Pictures do not belong in the copy. Output exactly the lines from the one containing "A J Vintage" to the end of the listing below.

#### [DATA EXTRACT]
-.-.-
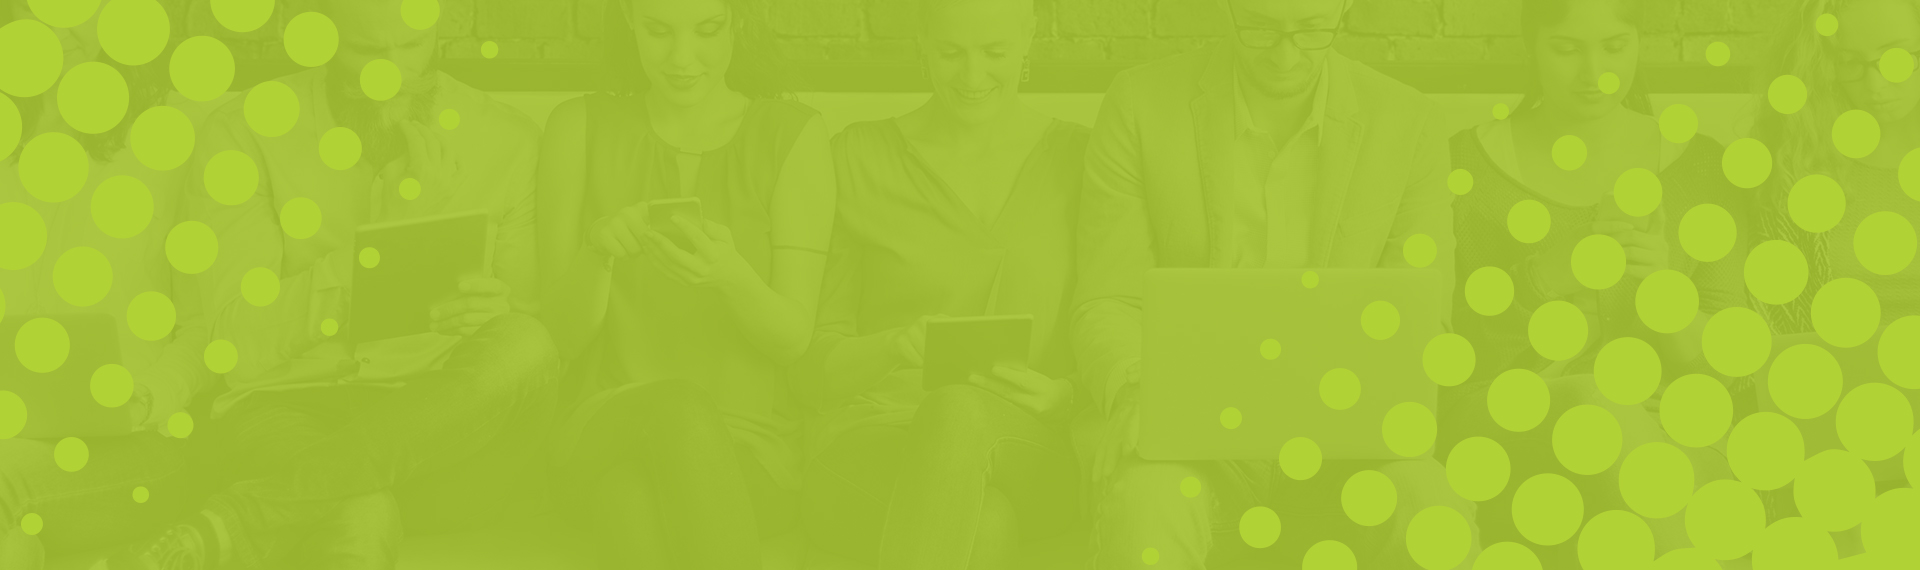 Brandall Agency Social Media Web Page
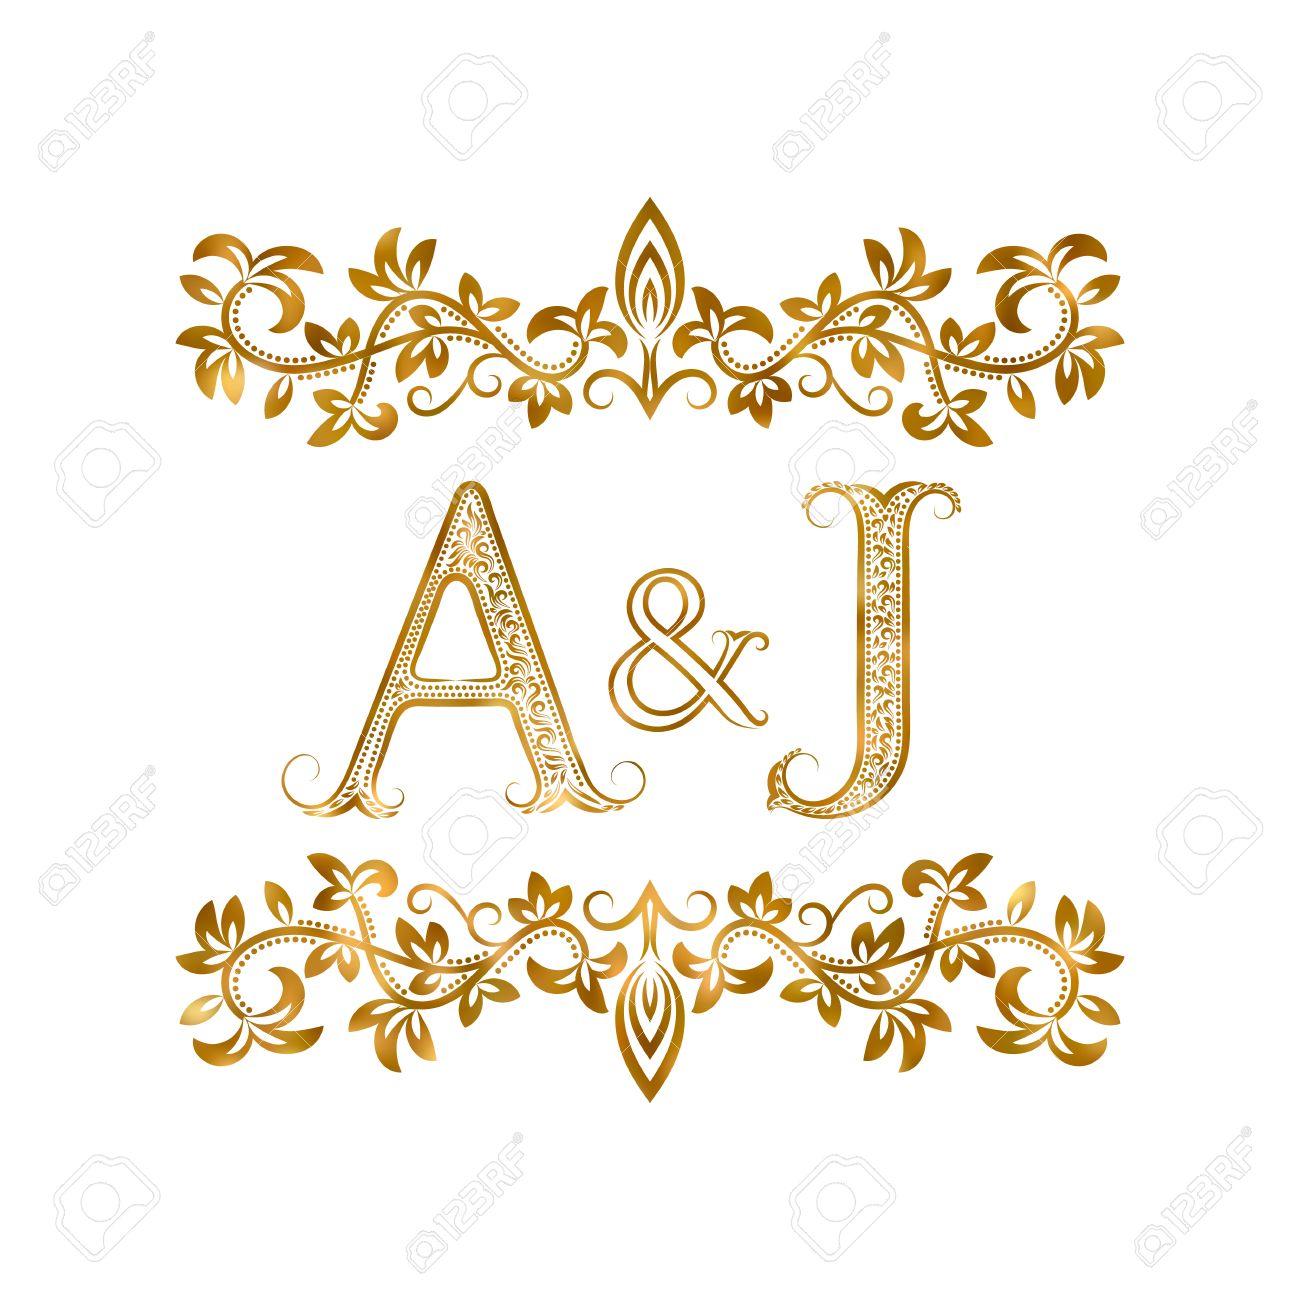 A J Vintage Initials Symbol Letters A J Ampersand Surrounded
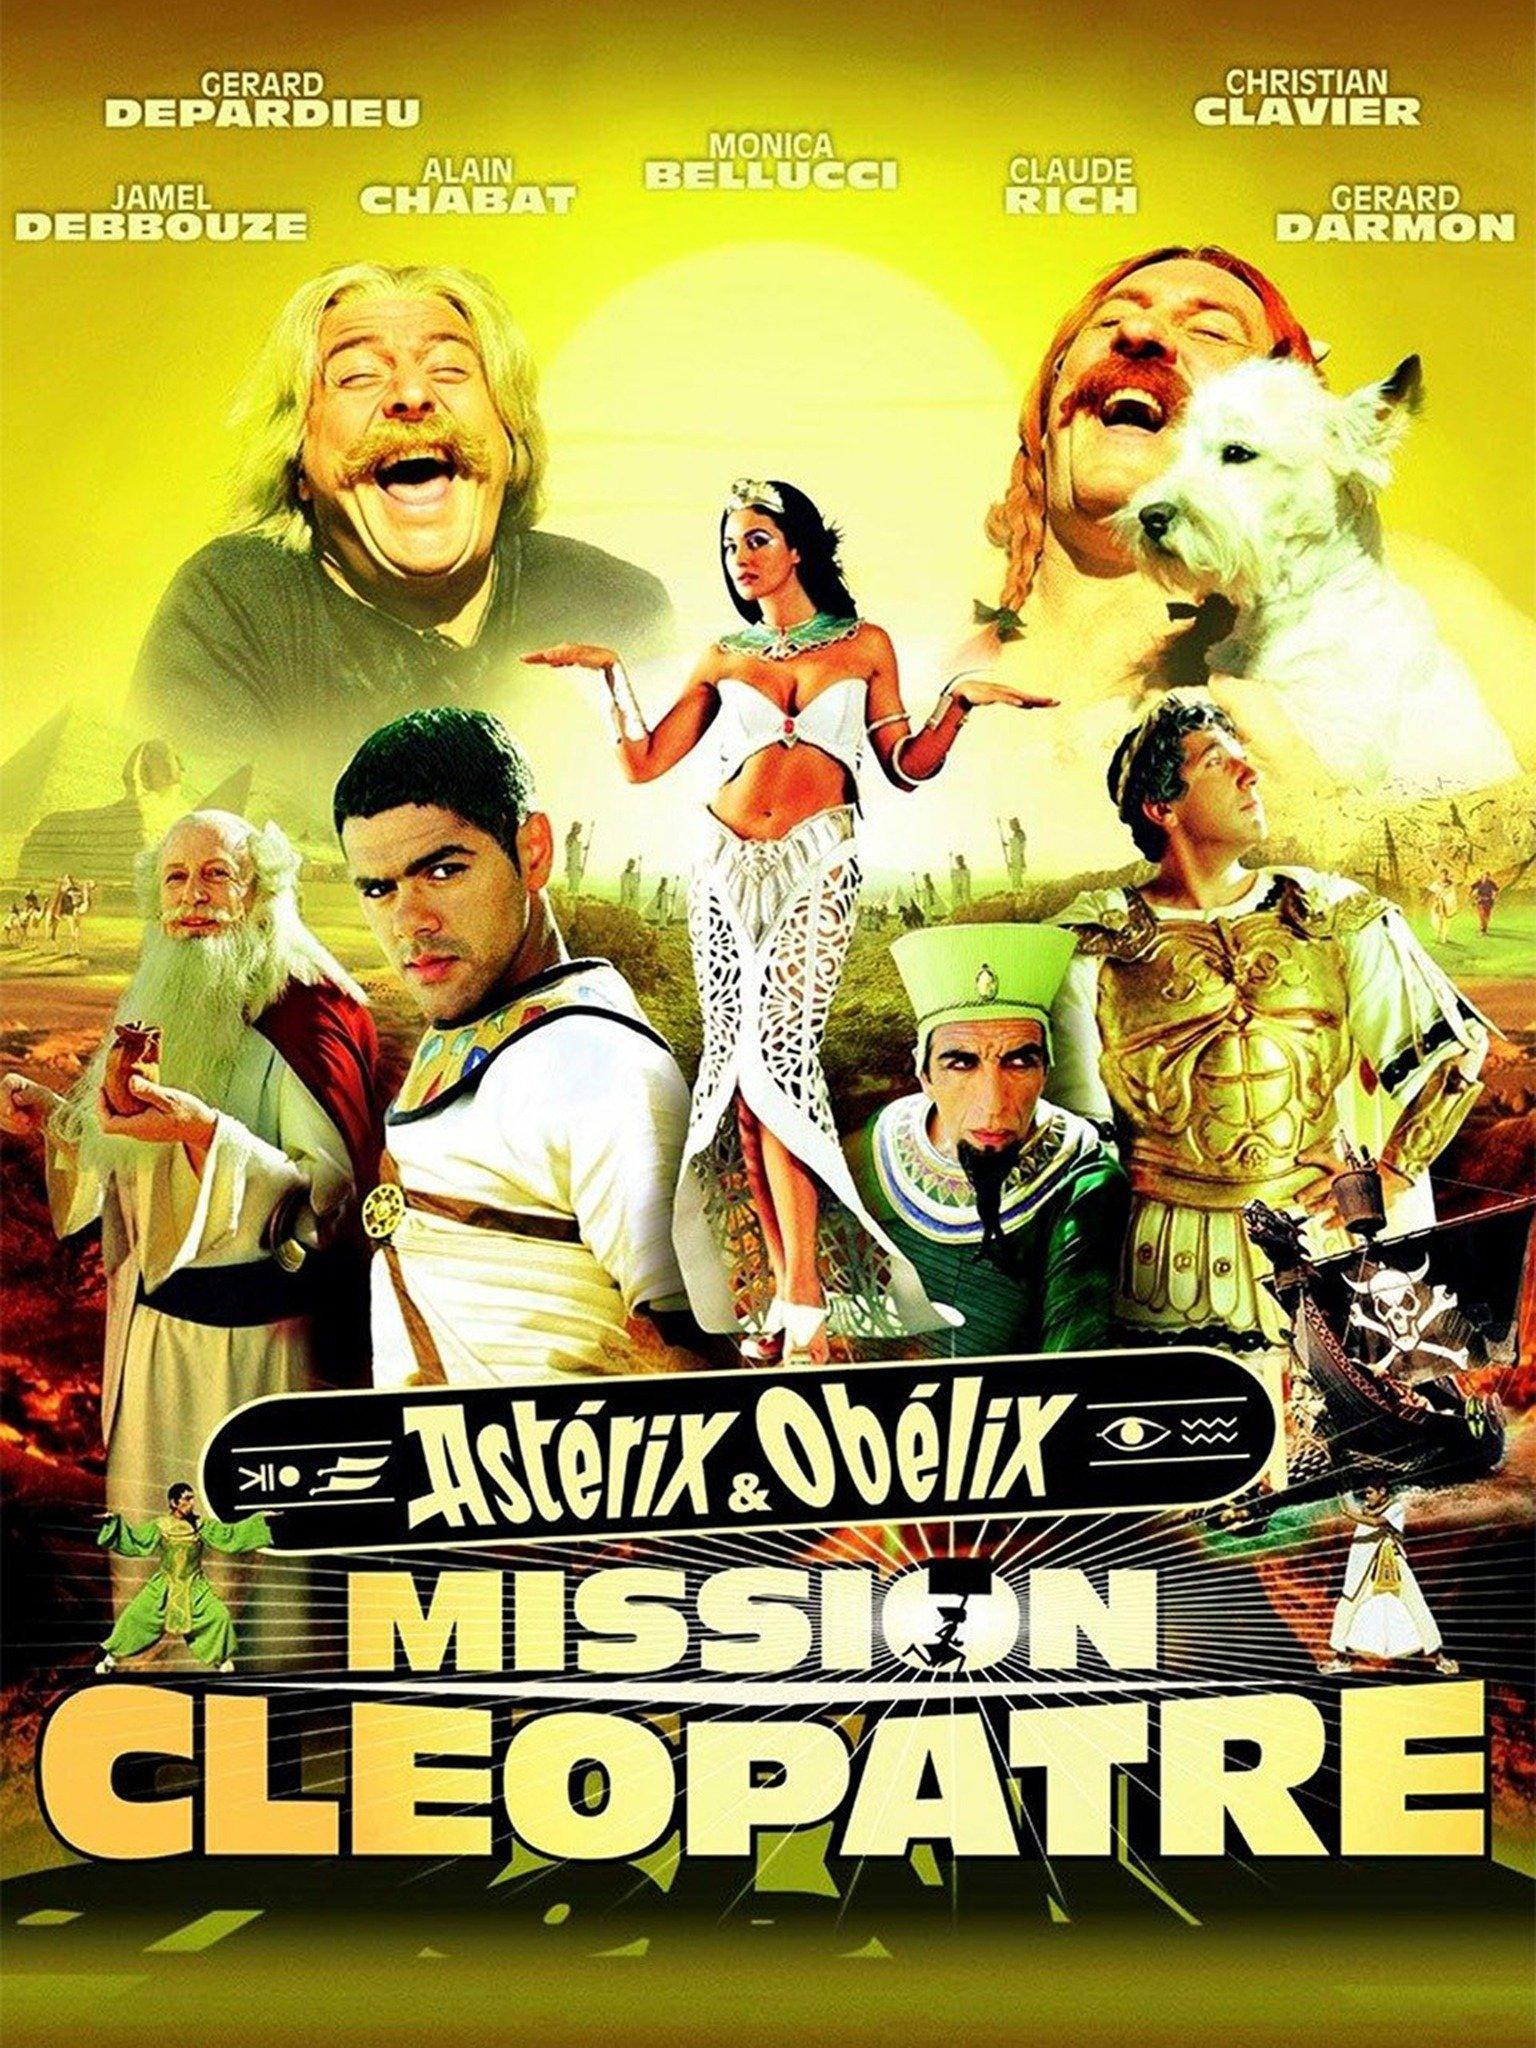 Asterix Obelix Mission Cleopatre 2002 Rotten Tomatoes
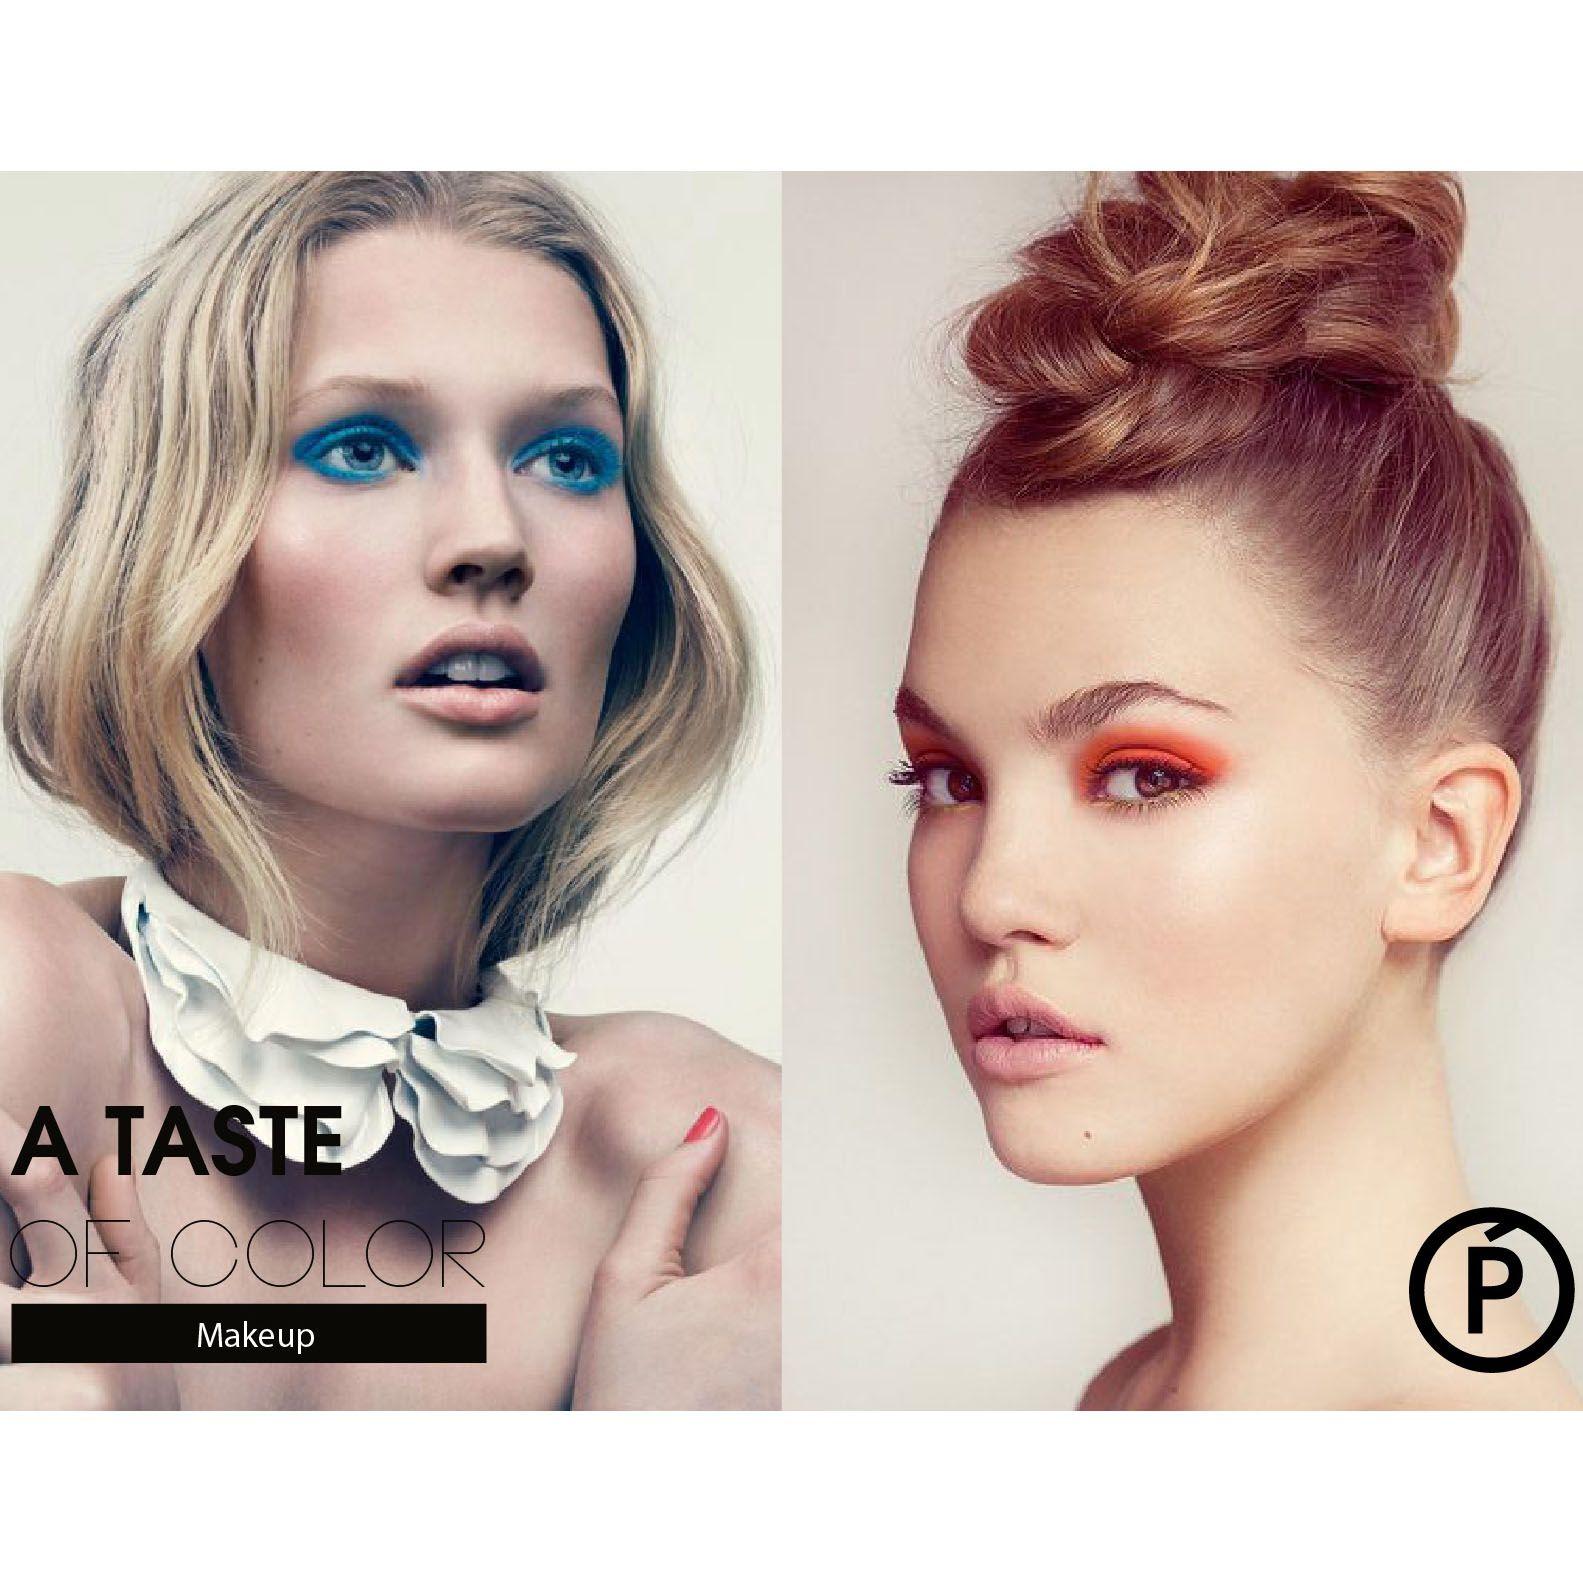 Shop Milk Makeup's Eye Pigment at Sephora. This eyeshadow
-.-.-
#### [OUTPUT FOR THIS EXERCISE]
 A J Vintage Initials Symbol Letters A J Ampersand Surrounded
 Asterix Obelix Mission Cleopatre 2002 Rotten Tomatoes
 Shop Milk Makeup's Eye Pigment at Sephora. This eyeshadow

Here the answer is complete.